Decode an existing SigNoz alert’s configuration into a plain-language explanation. The skill is read-only and stays focused on the rule itself: what it watches, when it fires, where it notifies. A single line of fire-frequency data is included to ground the explanation, but this skill does not investigate any specific fire — that is signoz-investigating-alerts’s job.

Prerequisites

This skill calls SigNoz MCP server tools (signoz:signoz_get_alert, signoz:signoz_list_alert_rules, signoz:signoz_get_alert_history). Before running the workflow, confirm the signoz:signoz_* tools are available. If they are not, run signoz-mcp-setup first to initialize or repair the MCP connection. Do not guess at alert configuration from the rule name alone.

When to use

Use this skill when the user wants to:

Understand or interpret an existing alert rule.
Confirm what signal an alert watches and at what threshold.
Audit whether an alert is reasonably configured.
Translate raw alert JSON into operational language.

Do NOT use when the user wants to:

Create a new alert → signoz-creating-alerts.
Diagnose why an alert fired or correlate signals around a fire window → signoz-investigating-alerts.
Modify an existing alert → call signoz:signoz_update_alert directly.

Required inputs

Input	Required	Source if missing
Alert identifier (rule ID or name)	yes	`$ARGUMENTS`, recent context, or fuzzy match

If the input is missing or ambiguous, this skill is best-effort (not strict — read-only operations are cheap to recover from):

Call signoz:signoz_list_alert_rules, paginate through every page, and find the closest name match.
State the interpretation in the response: “Interpreting your request as alert ‘High Error Rate — Checkout’ (id 42). If you meant a different one, tell me the name or id.”
Proceed with the explanation. The user can correct after.

Workflow

Step 1: Resolve the alert

If the user provided a numeric id, skip to Step 2. Otherwise:

Call signoz:signoz_list_alert_rules and paginate every page — pagination.hasMore is true until the full list is walked.
Match by name (case-insensitive substring). If multiple match, present the candidates and ask which one (interactive) or pick the closest and flag the assumption (autonomous).

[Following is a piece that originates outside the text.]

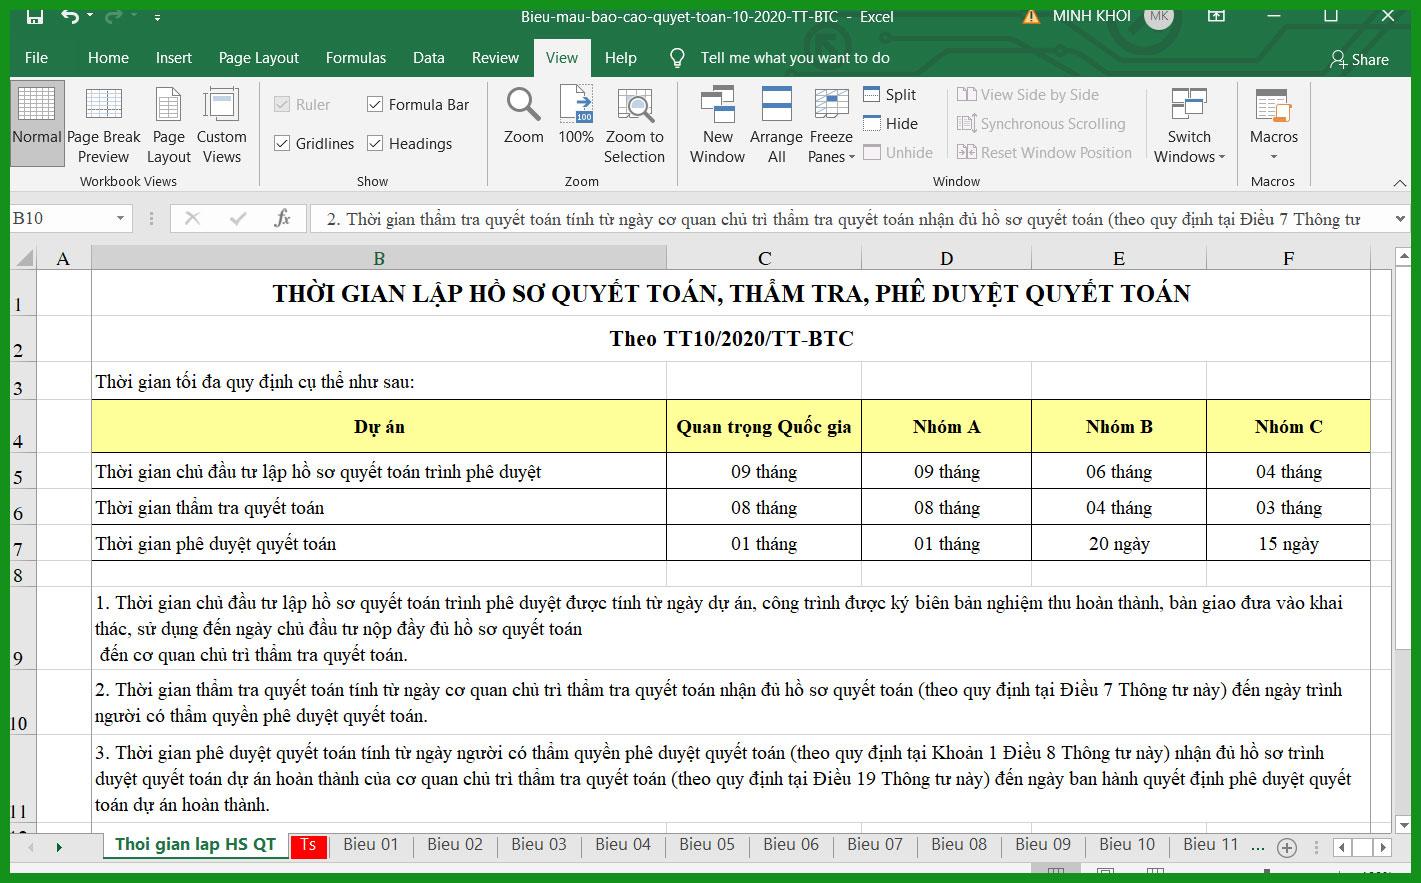 phu-luc-thong-tu-10-2020-tt-btc-file-excel

Step 2: Fetch the full configuration

Call signoz:signoz_get_alert with the rule id. This is mandatory — the list response does not include the full condition / thresholds / notification settings, and explanations based on the name alone are guesses.

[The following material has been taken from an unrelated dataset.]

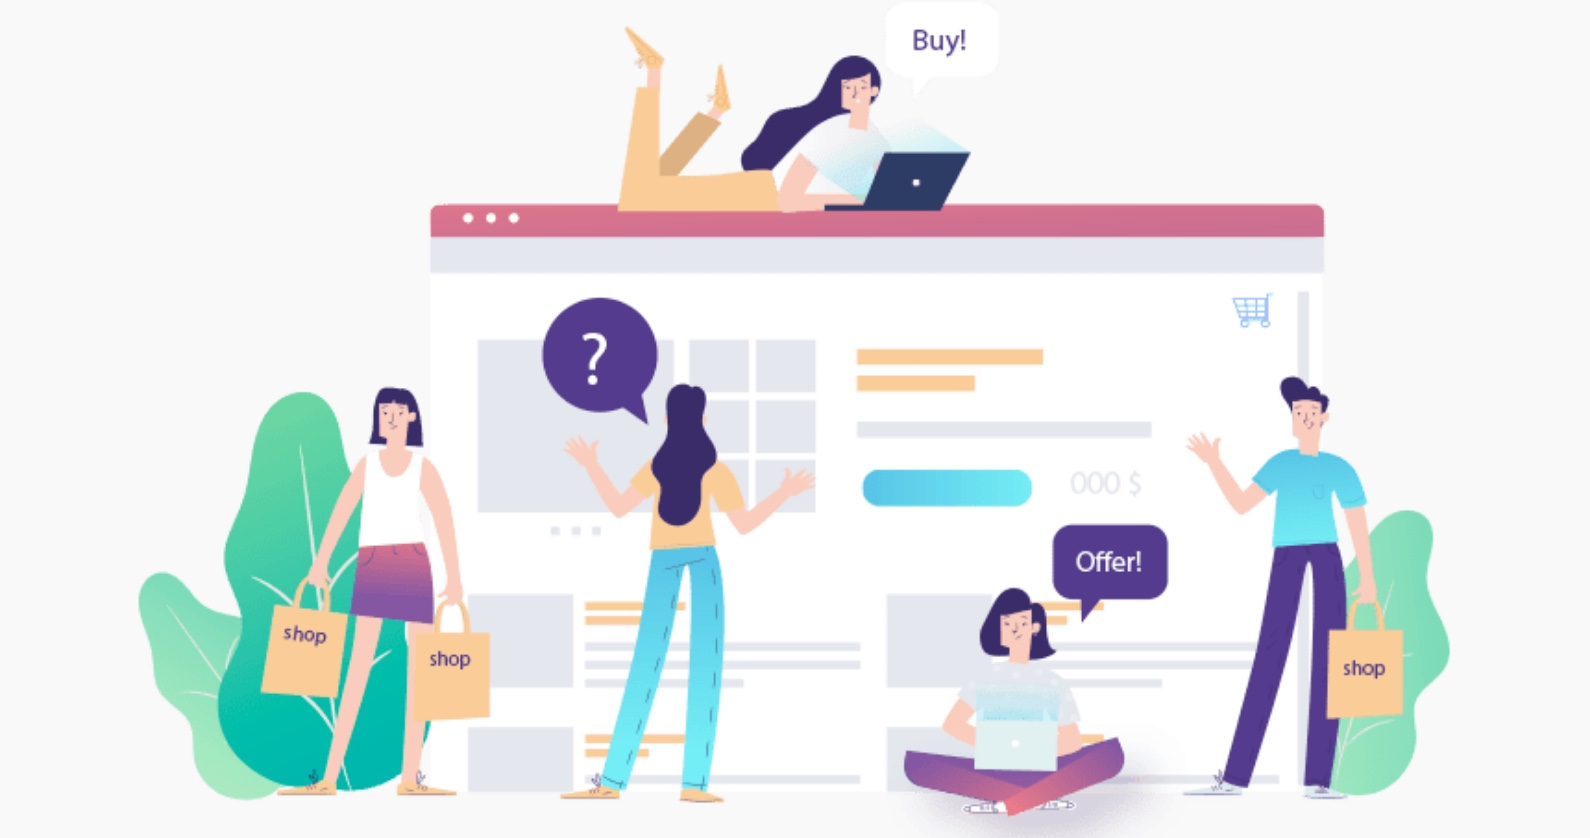 Giải pháp chuyển đổi số: Gói E - Commerce

Step 3: Pull a one-line fire-frequency summary

Call signoz:signoz_get_alert_history for the rule with a 7-day lookback. From the response, derive a single line:

Fired N times in the last 7d (last fire: ).

If the alert never fired in the window, say so explicitly: “Has not fired in the last 7d.” If the alert is disabled, mention that and skip the history line.

This single line grounds the explanation. Do not drill into specific fires here — that’s signoz-investigating-alerts.

Step 4: Build the explanation

The single most useful thing for the user is a tight summary. Lead with a TL;DR that directly answers the question they asked, not a generic alert summary. The TL;DR is the only thing some users will read — burying their answer under a fixed template forces them to scroll for what they wanted in the first place.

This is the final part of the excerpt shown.